Formula 1 teams aren’t usually associated with carbon removal. But Mercedes-AMG PETRONAS just made one of the most diversified CDR investments any sports organization has ever announced.

Seven Projects, Six Pathways

The team added seven new removal projects covering:

  • Direct Air Capture (DAC)
  • Biomass Storage
  • Bioenergy with Carbon Capture and Storage (BECCS)
  • Biochar
  • Ocean Alkalinity Enhancement (OAE)
  • Enhanced Rock Weathering (ERW)

Combined with earlier investments through Frontier and Chestnut Carbon, the total portfolio now covers approximately 18,900 tCO₂e across Brazil, Canada, the US, UK, Denmark, and India. The portfolio is curated by CUR8, a carbon removal marketplace focused on rigorous project evaluation.

Why This Matters Beyond Motorsport

The number itself — 18,900 tonnes — won’t move the planetary needle. Global emissions sit around 38 billion tonnes. But the structure of this investment matters.

Most corporate CDR portfolios lean heavily on one or two pathways. Nature-based credits dominate because they’re cheap. Mercedes instead chose to spread across the entire technology spectrum, from established (biochar) to frontier (OAE, DAC). That’s a portfolio strategy, not a box-ticking exercise.

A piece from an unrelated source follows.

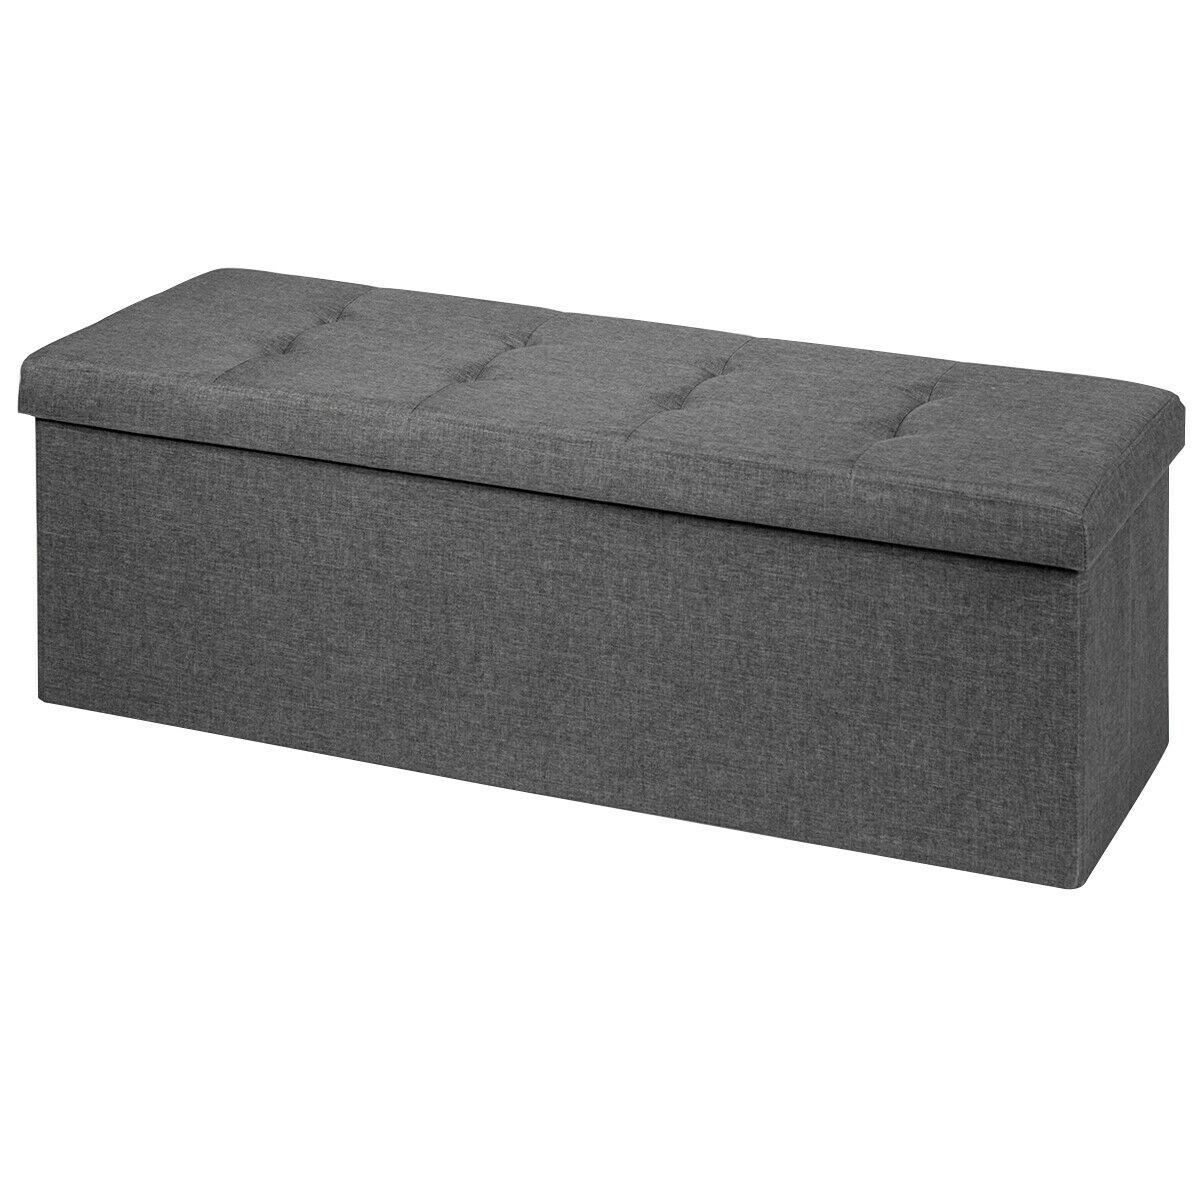 Folding Storage Ottoman Bench with Lid for Hallway or Bedroom - Grey

The geographic spread also signals intentionality. Projects in India and Brazil mean the team is putting money into regions where CDR can deliver economic co-benefits alongside carbon removal — jobs, soil health, infrastructure.

The Corporate Buyer Problem

Here’s the tension: [Microsoft bought 93% of all CDR credits in 2025](https://www.captaindrawdown.com/posts/2026-03-05-cdr-daily-digest/). The market desperately needs more buyers. Mercedes joining — even at relatively modest volumes — signals that CDR isn’t just a Big Tech play. It has a natural home in any organization serious about net-zero claims.

As Alice Ashpitel, Mercedes F1’s Head of Sustainability, put it: “Emissions reduction remains our priority, and high-quality carbon removals are essential for tackling the residual emissions that remain.”

Exactly right. Reduce first, remove what’s left. More companies should follow this playbook.